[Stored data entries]
---------------

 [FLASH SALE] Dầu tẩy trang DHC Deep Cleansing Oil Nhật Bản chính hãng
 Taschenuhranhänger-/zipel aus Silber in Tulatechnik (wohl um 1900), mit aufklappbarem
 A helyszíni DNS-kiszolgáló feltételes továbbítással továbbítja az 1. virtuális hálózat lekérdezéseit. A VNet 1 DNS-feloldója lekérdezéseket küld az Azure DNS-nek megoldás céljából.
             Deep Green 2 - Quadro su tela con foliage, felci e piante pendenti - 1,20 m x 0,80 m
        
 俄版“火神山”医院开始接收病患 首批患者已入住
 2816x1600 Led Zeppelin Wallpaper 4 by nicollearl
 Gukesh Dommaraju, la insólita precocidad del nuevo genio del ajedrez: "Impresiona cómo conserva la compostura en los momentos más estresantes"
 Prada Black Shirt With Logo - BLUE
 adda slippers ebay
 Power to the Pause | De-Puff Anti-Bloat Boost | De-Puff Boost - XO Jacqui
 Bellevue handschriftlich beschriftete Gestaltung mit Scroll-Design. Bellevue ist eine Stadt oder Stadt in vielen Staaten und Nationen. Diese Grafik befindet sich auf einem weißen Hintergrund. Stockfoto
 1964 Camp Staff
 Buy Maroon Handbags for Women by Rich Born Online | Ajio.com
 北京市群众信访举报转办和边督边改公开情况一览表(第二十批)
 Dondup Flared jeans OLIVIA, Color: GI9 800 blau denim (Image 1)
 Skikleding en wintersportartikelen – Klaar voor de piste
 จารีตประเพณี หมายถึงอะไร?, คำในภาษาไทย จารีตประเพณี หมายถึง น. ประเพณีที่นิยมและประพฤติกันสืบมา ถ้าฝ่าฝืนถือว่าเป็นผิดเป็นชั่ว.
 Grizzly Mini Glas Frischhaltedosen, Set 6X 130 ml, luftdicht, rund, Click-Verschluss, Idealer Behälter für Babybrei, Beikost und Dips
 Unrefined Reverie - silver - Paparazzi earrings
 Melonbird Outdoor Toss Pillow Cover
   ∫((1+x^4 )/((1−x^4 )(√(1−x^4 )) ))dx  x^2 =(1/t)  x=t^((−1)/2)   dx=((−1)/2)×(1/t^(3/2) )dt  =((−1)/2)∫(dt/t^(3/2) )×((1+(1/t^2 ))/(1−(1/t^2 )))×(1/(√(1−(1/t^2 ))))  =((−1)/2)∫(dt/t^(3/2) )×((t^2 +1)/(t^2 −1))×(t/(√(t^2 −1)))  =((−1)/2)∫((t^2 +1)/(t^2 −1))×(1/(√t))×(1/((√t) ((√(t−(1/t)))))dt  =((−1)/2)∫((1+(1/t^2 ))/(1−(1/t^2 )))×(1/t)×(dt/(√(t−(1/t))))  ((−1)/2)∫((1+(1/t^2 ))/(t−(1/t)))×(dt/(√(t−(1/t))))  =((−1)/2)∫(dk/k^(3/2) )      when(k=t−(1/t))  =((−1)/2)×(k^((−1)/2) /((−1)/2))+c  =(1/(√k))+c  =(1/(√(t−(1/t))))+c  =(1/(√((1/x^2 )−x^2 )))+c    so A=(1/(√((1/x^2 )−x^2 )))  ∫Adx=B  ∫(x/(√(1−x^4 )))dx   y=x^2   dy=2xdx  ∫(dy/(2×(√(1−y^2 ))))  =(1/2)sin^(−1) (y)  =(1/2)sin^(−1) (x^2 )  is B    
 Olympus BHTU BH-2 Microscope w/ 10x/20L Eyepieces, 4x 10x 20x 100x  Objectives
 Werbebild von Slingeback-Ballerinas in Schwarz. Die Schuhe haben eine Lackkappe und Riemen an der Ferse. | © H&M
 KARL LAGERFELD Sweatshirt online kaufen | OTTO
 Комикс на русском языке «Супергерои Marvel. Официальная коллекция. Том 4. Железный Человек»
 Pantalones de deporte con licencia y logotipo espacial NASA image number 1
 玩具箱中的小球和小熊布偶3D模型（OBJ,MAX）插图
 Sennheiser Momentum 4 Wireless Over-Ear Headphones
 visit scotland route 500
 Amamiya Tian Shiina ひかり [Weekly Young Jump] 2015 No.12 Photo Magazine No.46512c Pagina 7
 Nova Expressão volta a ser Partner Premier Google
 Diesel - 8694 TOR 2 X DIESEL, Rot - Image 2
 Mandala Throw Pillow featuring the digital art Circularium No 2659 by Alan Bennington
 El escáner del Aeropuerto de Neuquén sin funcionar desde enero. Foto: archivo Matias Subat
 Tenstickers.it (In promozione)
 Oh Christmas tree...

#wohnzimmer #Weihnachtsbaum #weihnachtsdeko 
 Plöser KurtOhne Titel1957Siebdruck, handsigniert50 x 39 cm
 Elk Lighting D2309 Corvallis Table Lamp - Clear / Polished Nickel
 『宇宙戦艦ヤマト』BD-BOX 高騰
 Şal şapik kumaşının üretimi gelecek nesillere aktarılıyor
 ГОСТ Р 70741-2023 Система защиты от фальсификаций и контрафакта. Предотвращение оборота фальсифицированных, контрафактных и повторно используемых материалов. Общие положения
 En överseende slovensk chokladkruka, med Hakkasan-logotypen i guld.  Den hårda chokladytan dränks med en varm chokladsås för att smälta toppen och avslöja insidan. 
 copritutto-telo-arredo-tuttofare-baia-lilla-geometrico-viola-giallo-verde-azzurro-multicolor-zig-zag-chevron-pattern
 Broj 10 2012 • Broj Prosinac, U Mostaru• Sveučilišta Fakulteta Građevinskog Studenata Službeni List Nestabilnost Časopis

---------------

- What is expected -
Having output the line that contains "Unrefined Reverie - silver", stop. Every line before it, back to the first line of the data, must be reproduced exactly.

- Response box -
 [FLASH SALE] Dầu tẩy trang DHC Deep Cleansing Oil Nhật Bản chính hãng
 Taschenuhranhänger-/zipel aus Silber in Tulatechnik (wohl um 1900), mit aufklappbarem
 A helyszíni DNS-kiszolgáló feltételes továbbítással továbbítja az 1. virtuális hálózat lekérdezéseit. A VNet 1 DNS-feloldója lekérdezéseket küld az Azure DNS-nek megoldás céljából.
             Deep Green 2 - Quadro su tela con foliage, felci e piante pendenti - 1,20 m x 0,80 m
        
 俄版“火神山”医院开始接收病患 首批患者已入住
 2816x1600 Led Zeppelin Wallpaper 4 by nicollearl
 Gukesh Dommaraju, la insólita precocidad del nuevo genio del ajedrez: "Impresiona cómo conserva la compostura en los momentos más estresantes"
 Prada Black Shirt With Logo - BLUE
 adda slippers ebay
 Power to the Pause | De-Puff Anti-Bloat Boost | De-Puff Boost - XO Jacqui
 Bellevue handschriftlich beschriftete Gestaltung mit Scroll-Design. Bellevue ist eine Stadt oder Stadt in vielen Staaten und Nationen. Diese Grafik befindet sich auf einem weißen Hintergrund. Stockfoto
 1964 Camp Staff
 Buy Maroon Handbags for Women by Rich Born Online | Ajio.com
 北京市群众信访举报转办和边督边改公开情况一览表(第二十批)
 Dondup Flared jeans OLIVIA, Color: GI9 800 blau denim (Image 1)
 Skikleding en wintersportartikelen – Klaar voor de piste
 จารีตประเพณี หมายถึงอะไร?, คำในภาษาไทย จารีตประเพณี หมายถึง น. ประเพณีที่นิยมและประพฤติกันสืบมา ถ้าฝ่าฝืนถือว่าเป็นผิดเป็นชั่ว.
 Grizzly Mini Glas Frischhaltedosen, Set 6X 130 ml, luftdicht, rund, Click-Verschluss, Idealer Behälter für Babybrei, Beikost und Dips
 Unrefined Reverie - silver - Paparazzi earrings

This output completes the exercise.